Wednesday, December 11, 2002

Brazil’s president-elect, Luiz Inacio Lula da Silva, yesterday pressed an aggressive economic agenda that includes regional integration and free trade with the United States.
But Mr. Lula da Silva, in Washington to meet President Bush for the first time since he was elected in October, cautioned that talks on a hemisphere-wide Free Trade Area of the Americas (FTAA) would not be easy and would not be simply on U.S. terms.
“I told President Bush we will be very tough, as tough as the Americans are in the negotiations, but when we come to an agreement, we will be loyal in our commitment. This is how I am going to behave,” he said during a speech at the National Press Club.
Brazil and the United States are co-chairing the FTAA process through November 2003 as 34 democracies prepare positions on market access leading up to a regional summit in Miami at the end of next year.
“Whether there is an agreement depends on both Brazil and the United States,” said Peter Hakim, president of the Inter-American Dialogue, a Washington policy group. “You don’t have an FTAA without a U.S.-Brazil agreement. If you do get an agreement, no other country would stand outside it.”
Mr. Lula da Silva, a left-leaning former labor leader, emphasized similarities between the two countries but also underscored some differences as he prepares to preside over Latin America’s most populous nation.
He will take office Jan. 1 trying to fulfill election promises about boosting his economy while seeking international backing to pay off debts and put Brazil on more solid financial footing.
“We will give priority to fighting against hunger, unemployment and crime,” Mr. Lula da Silva said.

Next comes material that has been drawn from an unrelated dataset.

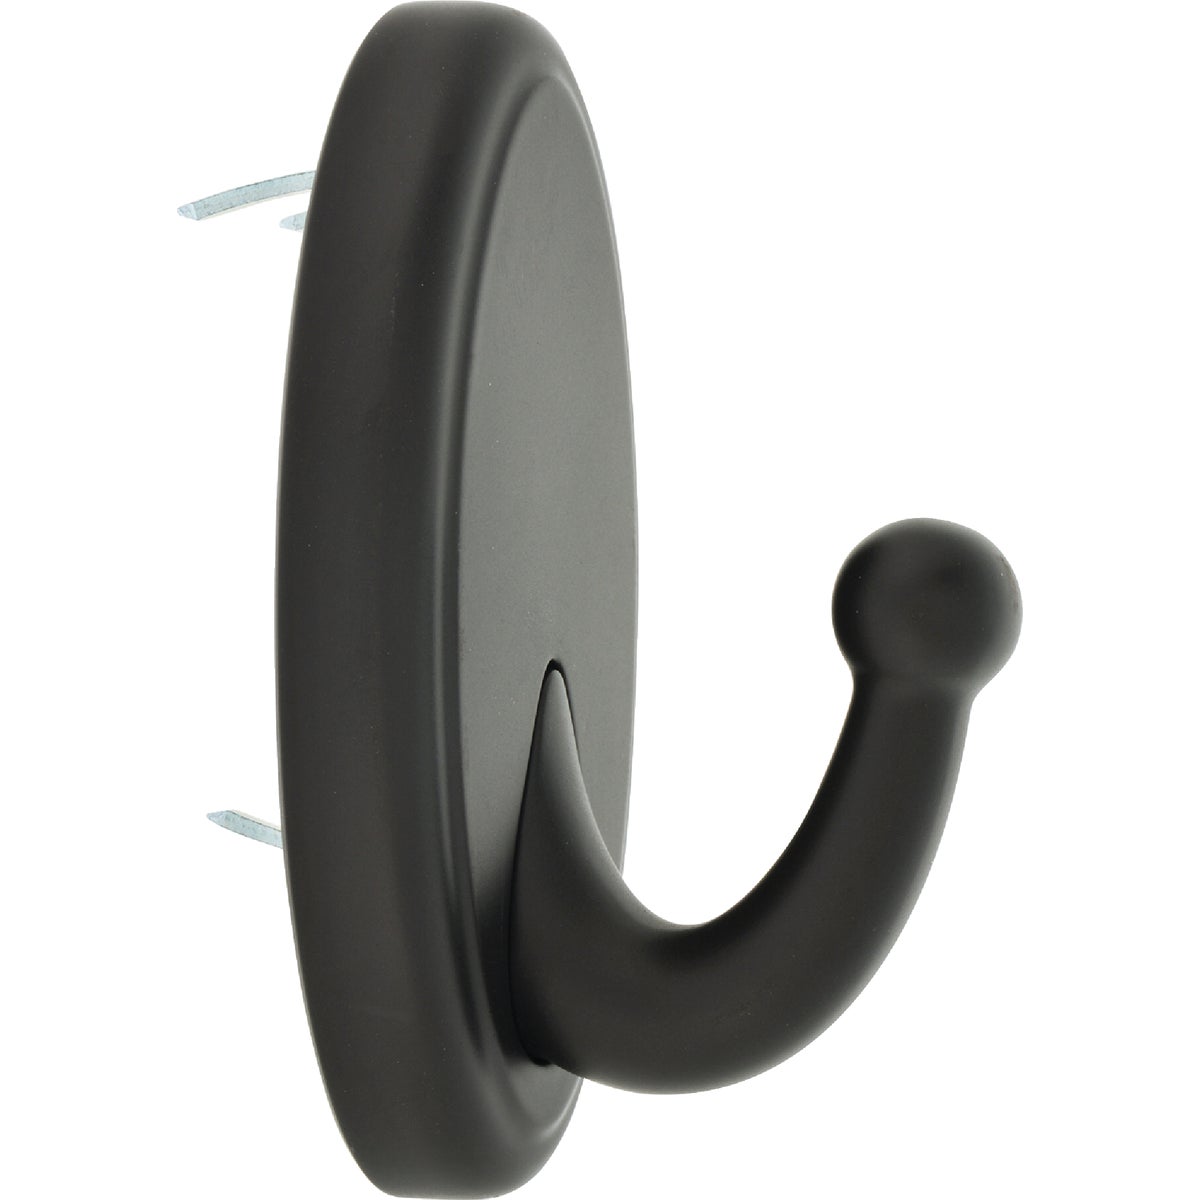 Hillman Fastener High and Mighty Oval Oil Rubbed Bronze Plastic Wall Hook
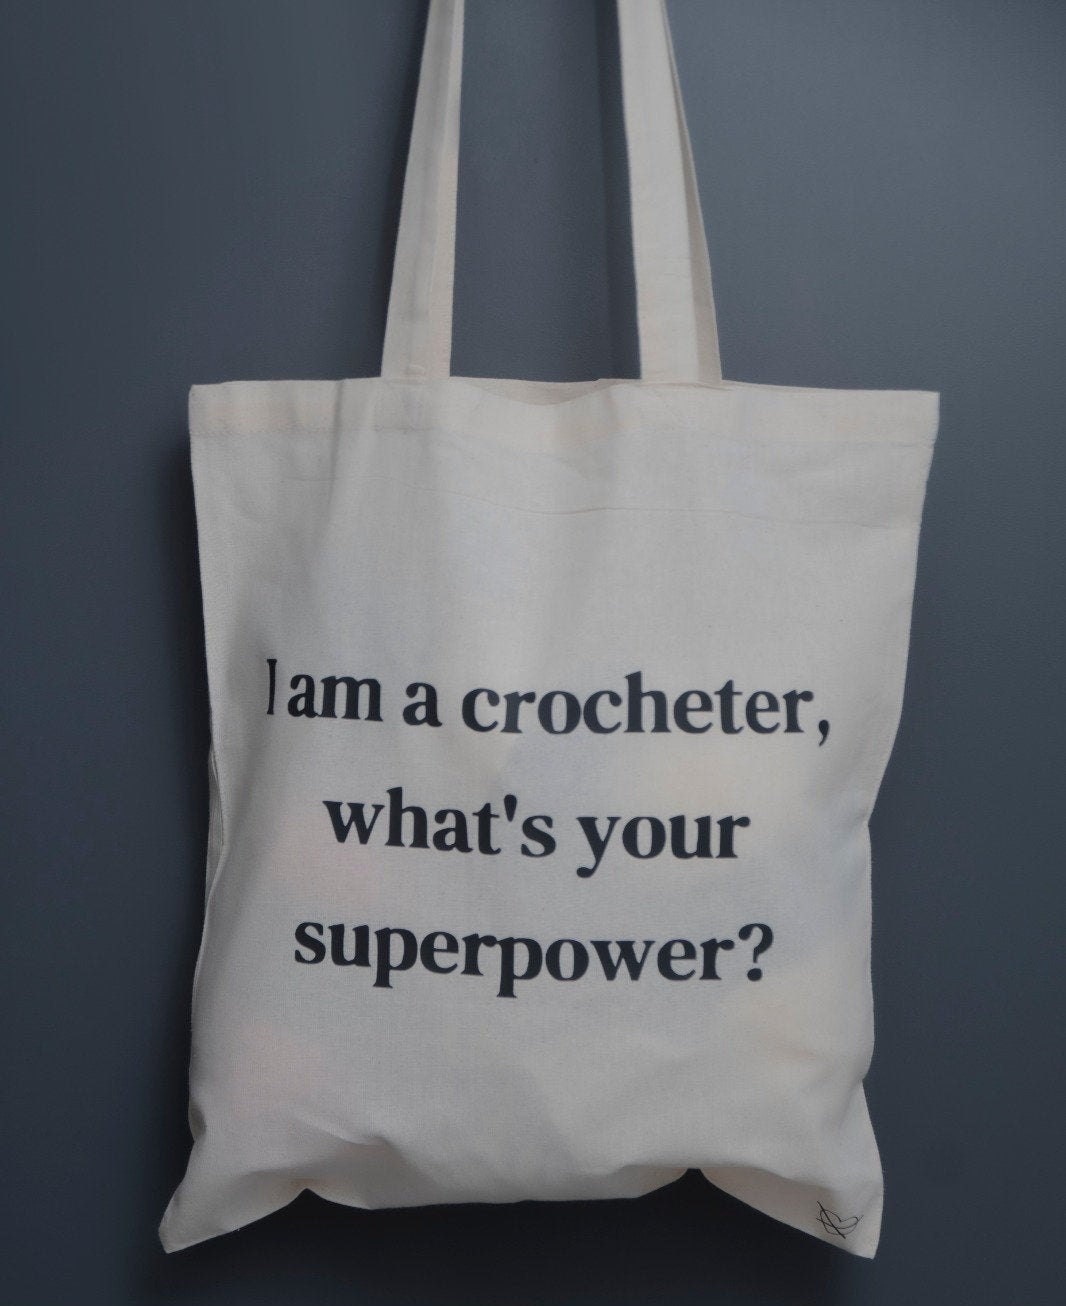 Crochet Tote Bag What's Your Superpower? Shopping Bag Bag For Life. I Crochet

But he also touched on themes important to international markets.
“My new administration is going to be characterized by fiscal responsibility, the fight against inflation, and respect for contractual obligations and agreements. These form the basis for resuming sustained economic growth,” he said.
Mr. Lula da Silva, who has lost presidential bids on a populist platform three times, toned down his rhetoric during the most recent campaign. Since he won election, he has worked to calm markets as he outlines an economic plan.
Increasing exports and expanding the domestic markets are key components of Brazil’s plan for economic growth, he said.
Mr. Lula da Silva and Mr. Bush discussed trade, economic relations and the fight against poverty during a private meeting yesterday.
“This was a very constructive and positive meeting, from the president’s point of view,” White House spokesman Ari Fleischer said. The two did not talk about specific trade acts or trade initiatives, he added.
“But the president was encouraged to hear the message that President Lula offered concerning trade and the importance of trade to economic development, broadly speaking,” Mr. Fleischer said.
Mr. Lula da Silva said the dialogue was “frank and direct.”
Even with a good start, both sides have much ground to cover before reaching a trade agreement.
Brazil has emphasized the importance of market access for its agricultural goods. It’s government has said that U.S. agricultural tariffs are too high and subsidies too generous.
The United States has countered that it cannot reach an agreement on agriculture that does not include Japan and the 15-nation European Union.
Yesterday Mr. Lula da Silva underlined the important role of South America’s biggest trade bloc, Mercosur; regional integration and ties to Europe.
Mercosur was created by Argentina, Brazil, Paraguay and Uruguay in March 1991 with the goal of creating a common market. Analysts see it as an alternative model to NAFTA during FTAA negotiations.